Pydantic Evals provides rigorous testing and evaluation for AI agents and LLM outputs using a code-first approach with Pydantic models. It enables “Evaluation-Driven Development” (EDD) where evaluation suites live alongside application code, subject to version control and CI/CD.

Core Concepts

Understand these key primitives:

Case

A single test scenario with inputs, optional expected output, and metadata.

from pydantic_evals import Case

case = Case(
    name="refund_request",
    inputs="What is your refund policy?",
    expected_output="30 days full refund",
    metadata={"category": "policy"}
)

Dataset

Collection of Cases with default evaluators. Generic over input/output types.

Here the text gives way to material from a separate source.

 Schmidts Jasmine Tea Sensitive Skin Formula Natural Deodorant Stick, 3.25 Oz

from pydantic_evals import Dataset

dataset = Dataset(
    cases=[case1, case2, case3],
    evaluators=[evaluator1, evaluator2]
)

Evaluator

Logic engine that assesses outputs. Returns bool (Pass/Fail), float/int (score), or str (label).

Experiment

Point-in-time performance capture when Dataset runs against a Task.

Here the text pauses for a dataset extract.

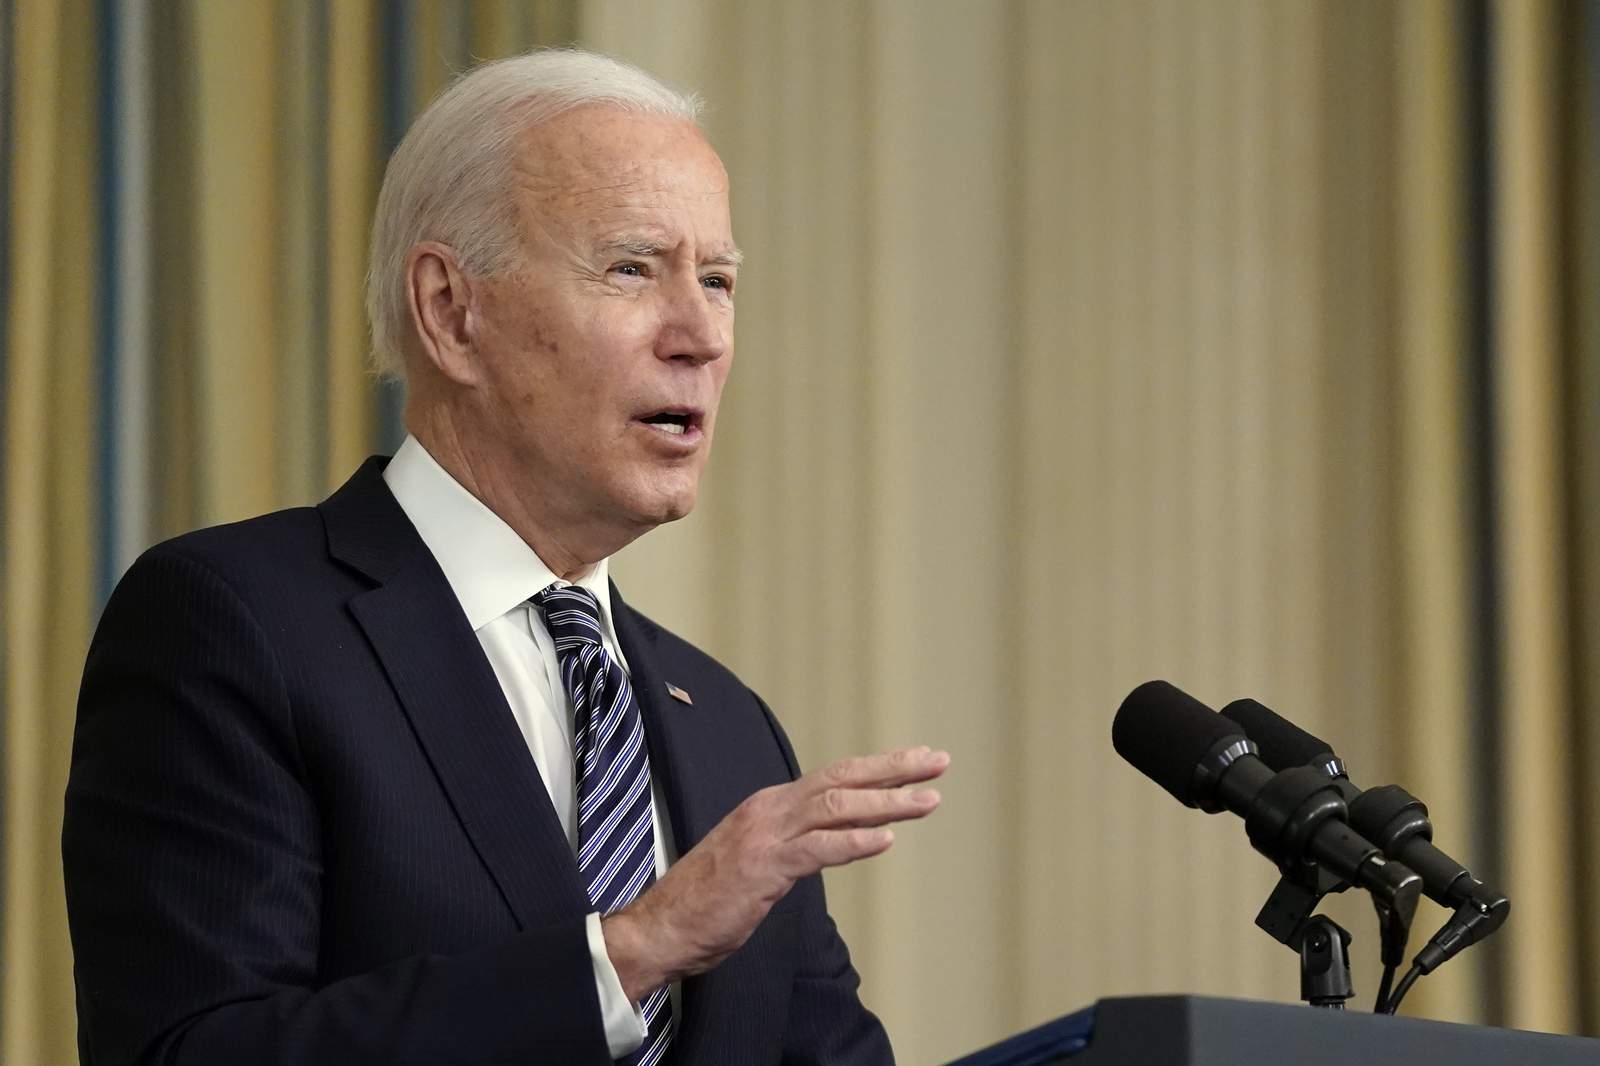 President Biden, others promote $1,400 direct payments in coronavirus relief plan

For detailed explanations, see references/core-concepts.md

Quick Start

Create and run a simple evaluation:

from pydantic_evals import Case, Dataset
from pydantic_evals.evaluators import Contains, LLMJudge

# Define cases
cases = [
    Case(
        name="greeting",
        inputs="Hello, who are you?",
        expected_output="I am an AI assistant."
    )
]

# Define evaluators
evaluators = [
    Contains(value="AI assistant"),
    LLMJudge(rubric="Is this response polite? Answer PASS or FAIL.")
]

# Create dataset
dataset = Dataset(cases=cases, evaluators=evaluators)

# Run evaluation
async def my_agent(query: str) -> str:
    # Your agent logic here
    return "I am an AI assistant."

report = dataset.evaluate_sync(my_agent)
report.print()

Evaluator Types

Pydantic Evals supports a “Pyramid of Evaluation” from fast/cheap to slow/expensive:

1. Deterministic Evaluators

Fast, free, code-based checks. Use as first line of defense.

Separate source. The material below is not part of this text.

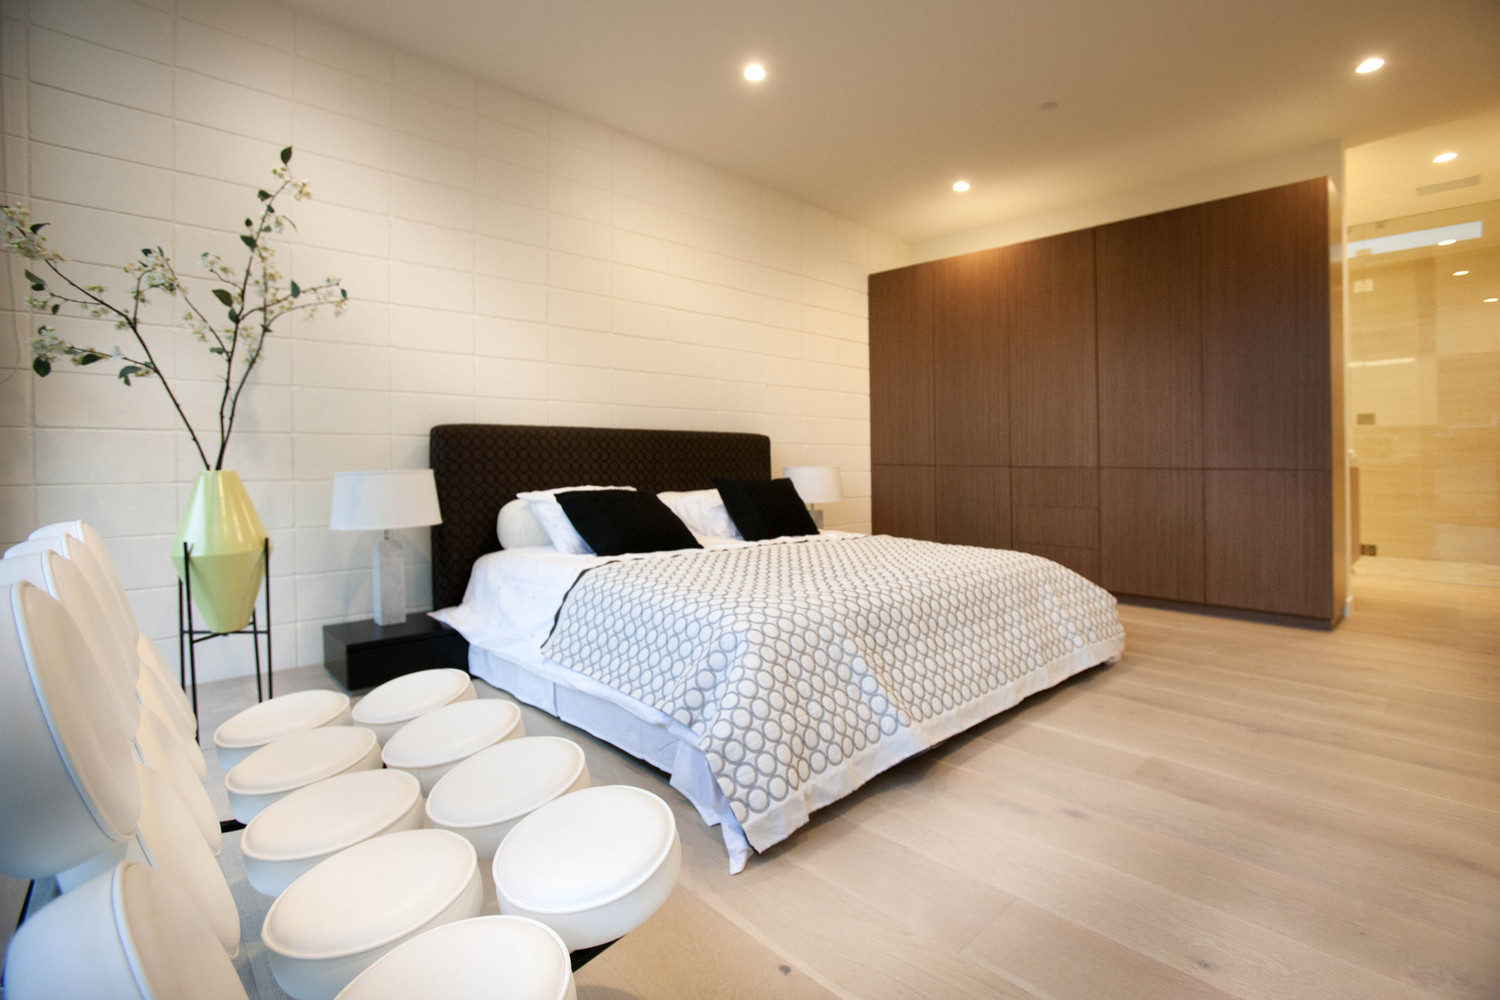 General 1500x1000 bed bedroom interior interior design modern

  • Equals: Exact equality check
  • EqualsExpected: Compare to Case.expected_output
  • Contains: Substring/item presence
  • IsInstance: Type validation
  • MaxDuration: Latency SLA enforcement

Strategy: Always run deterministic checks before expensive LLM judges.

2. LLM-as-a-Judge

Use secondary LLM to score outputs based on natural language rubrics.

from pydantic_evals.evaluators import LLMJudge

judge = LLMJudge(
    rubric="Response must: 1) Answer the question, 2) Cite context, 3) Be professional",
    include_input=True,
    include_expected_output=True,
    model='openai:gpt-4o'
)

Using OpenRouter for LLMJudge:

from pydantic_evals.evaluators.llm_as_a_judge import set_default_judge_model
from pydantic_ai.models.openai import OpenAIChatModel
from pydantic_ai.providers.openai import OpenAIProvider

# Configure OpenRouter as judge model
provider = OpenAIProvider(
    api_key=os.getenv('OPENROUTER_API_KEY'),
    base_url='https://openrouter.ai/api/v1'
)
model = OpenAIChatModel(model_name='gpt-4o-mini', provider=provider)
set_default_judge_model(model)

# Or pass model directly to LLMJudge
judge = LLMJudge(rubric="Is this polite?", model=model)

Rubric best practices: Be specific and actionable, not vague.

3. Custom Evaluators

Implement arbitrary logic by inheriting from Evaluator.

from dataclasses import dataclass
from pydantic_evals.evaluators import Evaluator, EvaluatorContext

@dataclass
class ValidSQL(Evaluator):
    def evaluate(self, ctx: EvaluatorContext) -> bool:
        import sqlparse
        try:
            parsed = sqlparse.parse(ctx.output)
            return len(parsed) > 0
        except:
            return False

Custom Evaluators for Structured Output (Pydantic Models)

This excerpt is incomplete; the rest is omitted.